The Daily Tar Heel

Serving the students and the University community since 1893

Sunday September 26th

Students Discuss Negative Implications of Hostilities

By Crystal Harward

Staff Writer

The N.C. General Assembly is continuing efforts to increase security at the Legislative Building by remodeling the structure and increasing police presence, although funding for large-scale safety measures has not yet been discussed.

The Secret Service issued a report in April offering 140 recommendations for improvement.

The legislature's security came under increased scrutiny after Tuesday's terrorist attacks on the World Trade Center and the Pentagon.

There was also a bomb threat at the N.C. Legislative Building on Aug. 27.

George Hall, administrative director of the legislative complex, said improvements were under way even before the incidents.

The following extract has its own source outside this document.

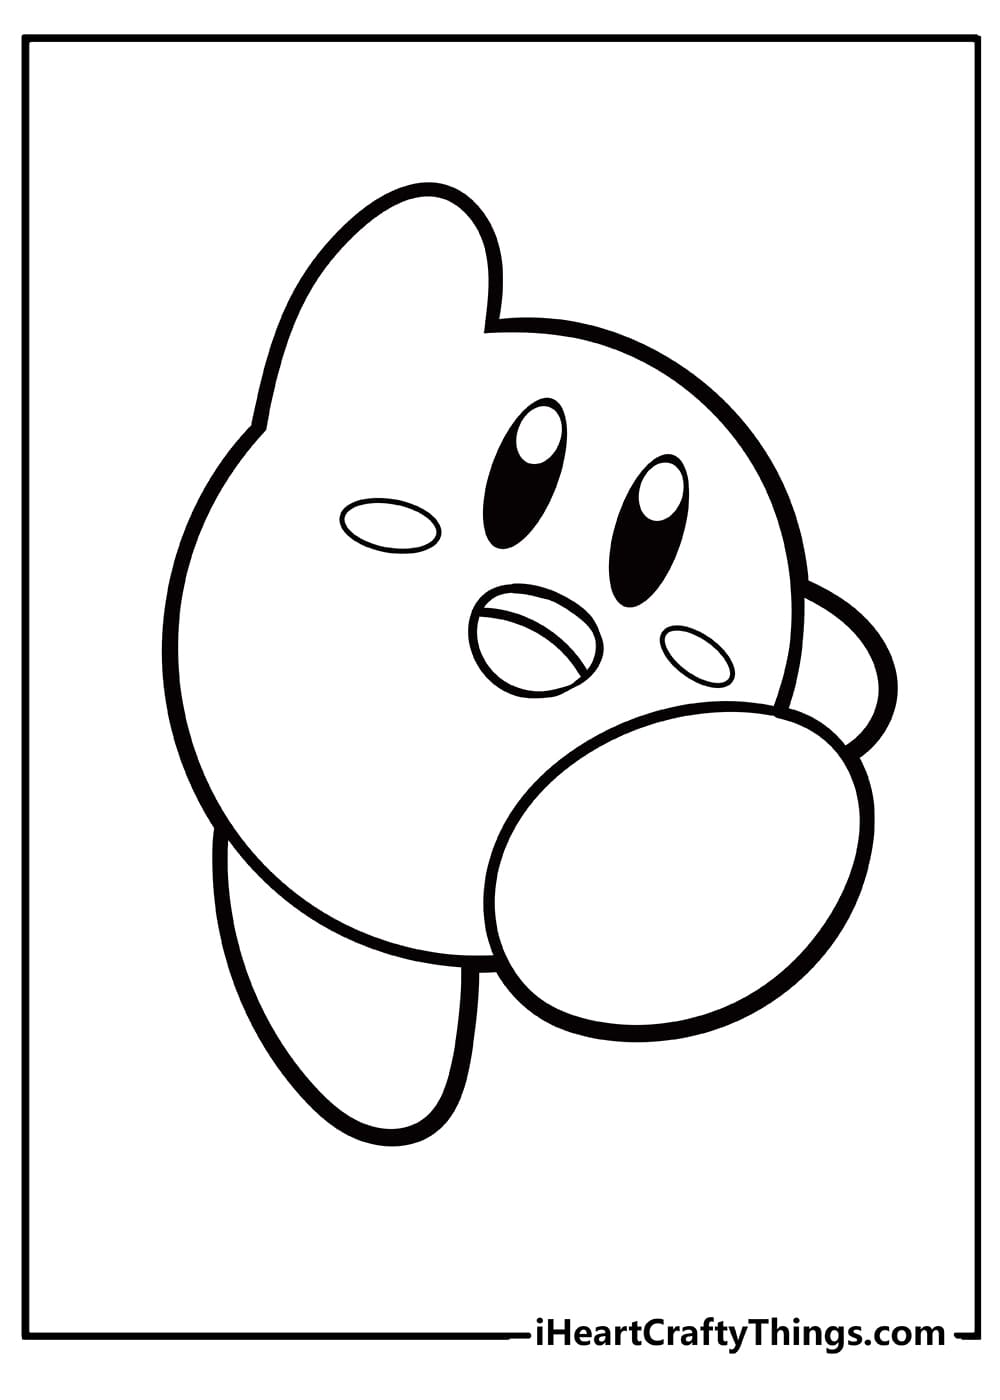 Kirby Image For Kids

"Small improvements like lights being left on overnight, trimming hedges, replacing broken internal door locks and placing locks on electrical cabinets were all taking place before these incidents," he said. "If there was any effect on the resolve to improve security it was only to begin working faster."

Sen. Virginia Foxx, R-Alleghany, said state troopers and Raleigh city police began looking for abnormal activity around the Capitol after the bomb threat.

"I didn't take the bomb threat (to the legislature) seriously, but after Tuesday we must," Foxx said. "We have to be more careful in the future."

She added that it is becoming more difficult for unauthorized vehicles to enter the Legislative Building. "Before, anyone could drive into the building."

Although officials agree better security is needed, there are disagreements about the specific measures that need to be taken.

Sen. Tony Rand, D-Cumberland, said there are concerns that attempts to improve security might restrict public access to the Legislative Building.

"People need to be able to contact us, their elected representatives," he said.

But Hall said these concerns are unfounded because the inside of the building will not be changed.

"Access may be slowed if they use identification or metal detectors, but once inside there would be no difference," he said.

But proposed improvements will not be cheap. The small changes already made only have cost several hundred dollars, but major improvements being discussed are a different issue.

Hall said after consulting an architect to mend structural problems, he estimates that costs could approach $1 million.

Major security improvements have not been discussed or budgeted for by the Legislature, but Hall insists that funding will not be a problem.

"Policies will have to change and people will have to be advised," he said.

While troopers and police wait outside the Legislature doors, the General Assembly continues meeting.

"(I'm) sorry for what has created the need for increased security," Foxx said. "But (I'm) grateful for the people willing to protect us."